I'm using the new Backpack module system along with Cabal 2. I have the follwing signature:
{-# LANGUAGE KindSignatures #-}
signature Streamy where
import Control.Monad
import Control.Monad.Trans.Class
import Control.Monad.IO.Class
data Stream :: * -> (* -> *) -> * -> *
instance Monad m => Functor (Stream o m)
instance Monad m => Applicative (Stream o m)
instance Monad m => Monad (Stream o m)
instance MonadIO m => MonadIO (Stream o m)
instance MonadTrans (Stream o)
I'm trying to match it with the concrete Stream
type from streaming, like this:
import Streaming (Of(..))
import qualified Streaming as Q
type Stream o m r = Q.Stream (Of o) m r
However, this gives me the error
Illegal parameterized type synonym in implementation of abstract data. (Try eta reducing your type synonym so that it is nullary)
It seems that the type synonym can't have parameters. I need at least one however, because the o
is sitting inside the Of
instead of being a direct parameter of Q.Stream
.
I can solve the problem by defining an adapter newtype:
{-# language GeneralizedNewtypeDeriving #-}
newtype S o m r = S { unS :: Q.Stream (Of o) m r }
deriving (Functor,Applicative,Monad,MonadIO,MonadTrans)
type Stream = S
Is there another way that doesn't require defining the newtype?

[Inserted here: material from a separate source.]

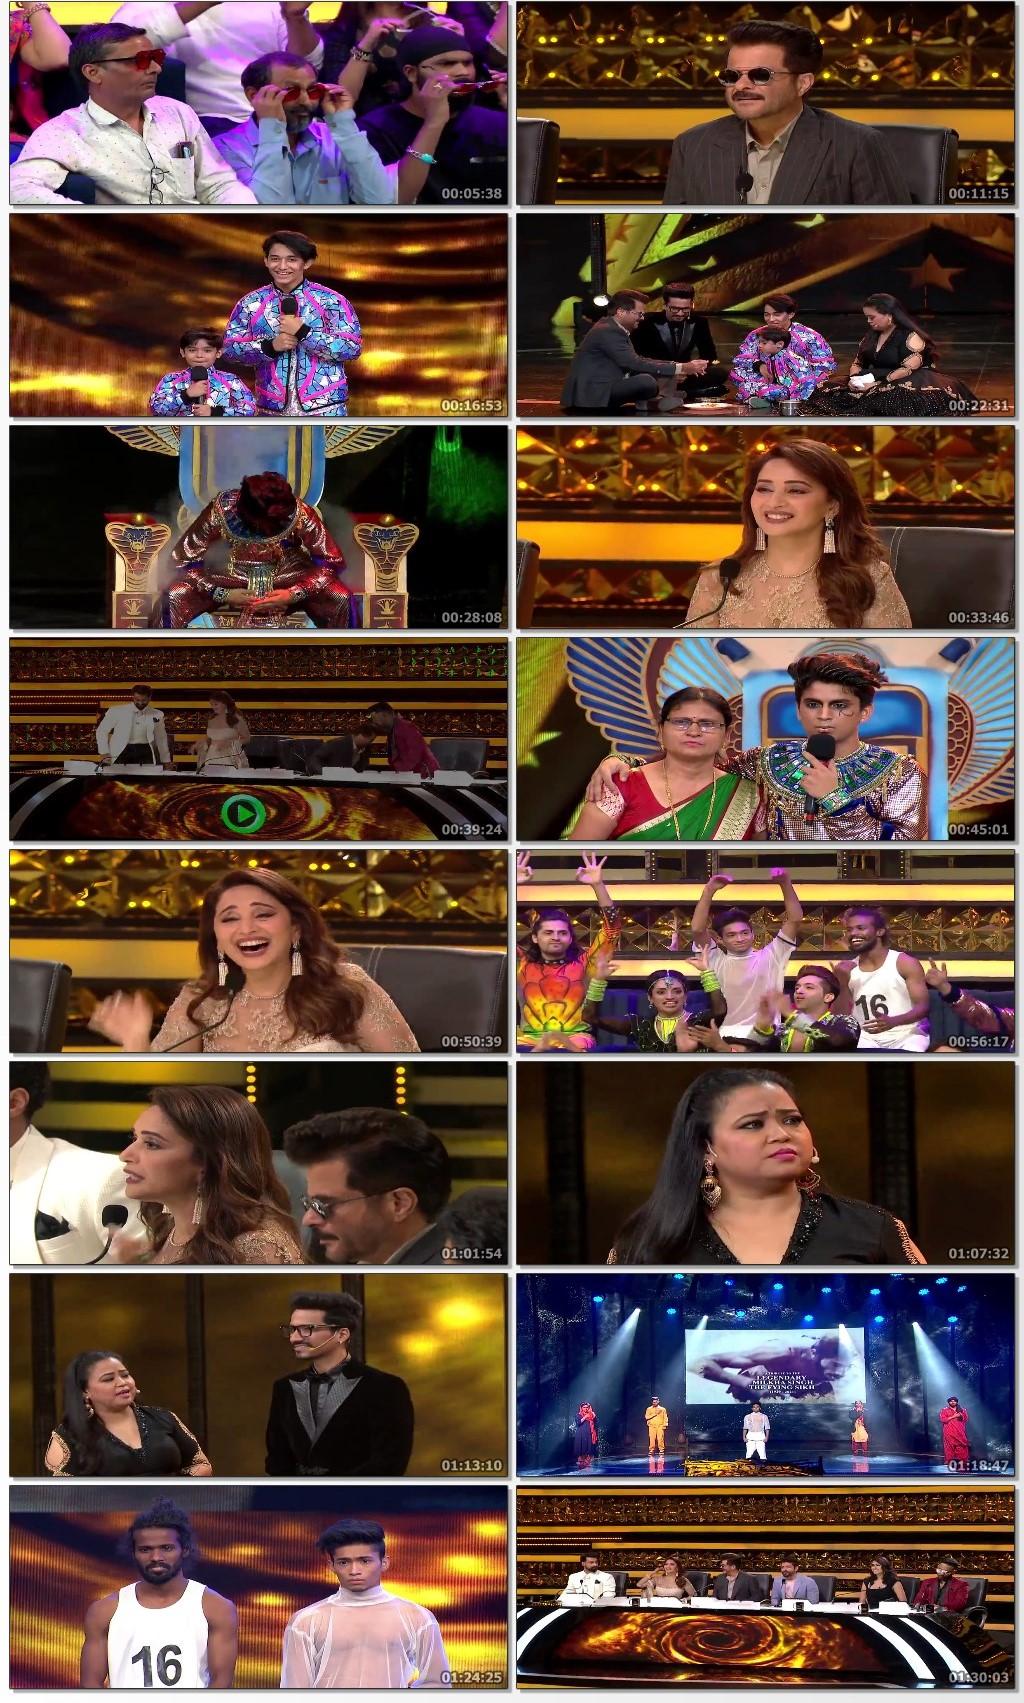 Dance-Deewane-S03-10-July-2021-school-Hindi-720p-HDRip-660-MB-mkv-thumbsa4f7ec3b20015a5b

It seems that there isn't a way to avoid the newtype. The Backpack thesis clearly states that type synonyms are required to be nullary (section 6.2.4 "Subtyping rules"):
the implementing type synonyms are required to be nullary: for example, type
M a = a
is not a valid implementation of the abstract dataM a
, buttype M = Maybe :: * -> *
is. This restriction stems from an old design decision in Haskell to not support type level lambdas. This restriction greatly helps type inference, since given the type equalityt a = s b
, we can now conclude thatt = s
anda = b
(this property is called generativity).
Also related, in section B.2 "Challenges":
Translucency: A feature not supported in Backpack’14 but supported in Backpack’17 is the ability to use a type synonym to implement an abstract data type. This introduces a form of “translucency”, where the abstract data type is opaque while the implementation is unknown, and transparent afterwards. For example, in Section 2.3, we demonstrated how we could instantiate a generic regular expression matcher to match on strings. Inside the implementation of the matcher, we knew nothing about the abstract type
Str
; after instantiating it, the accept function transparently acceptsString
arguments.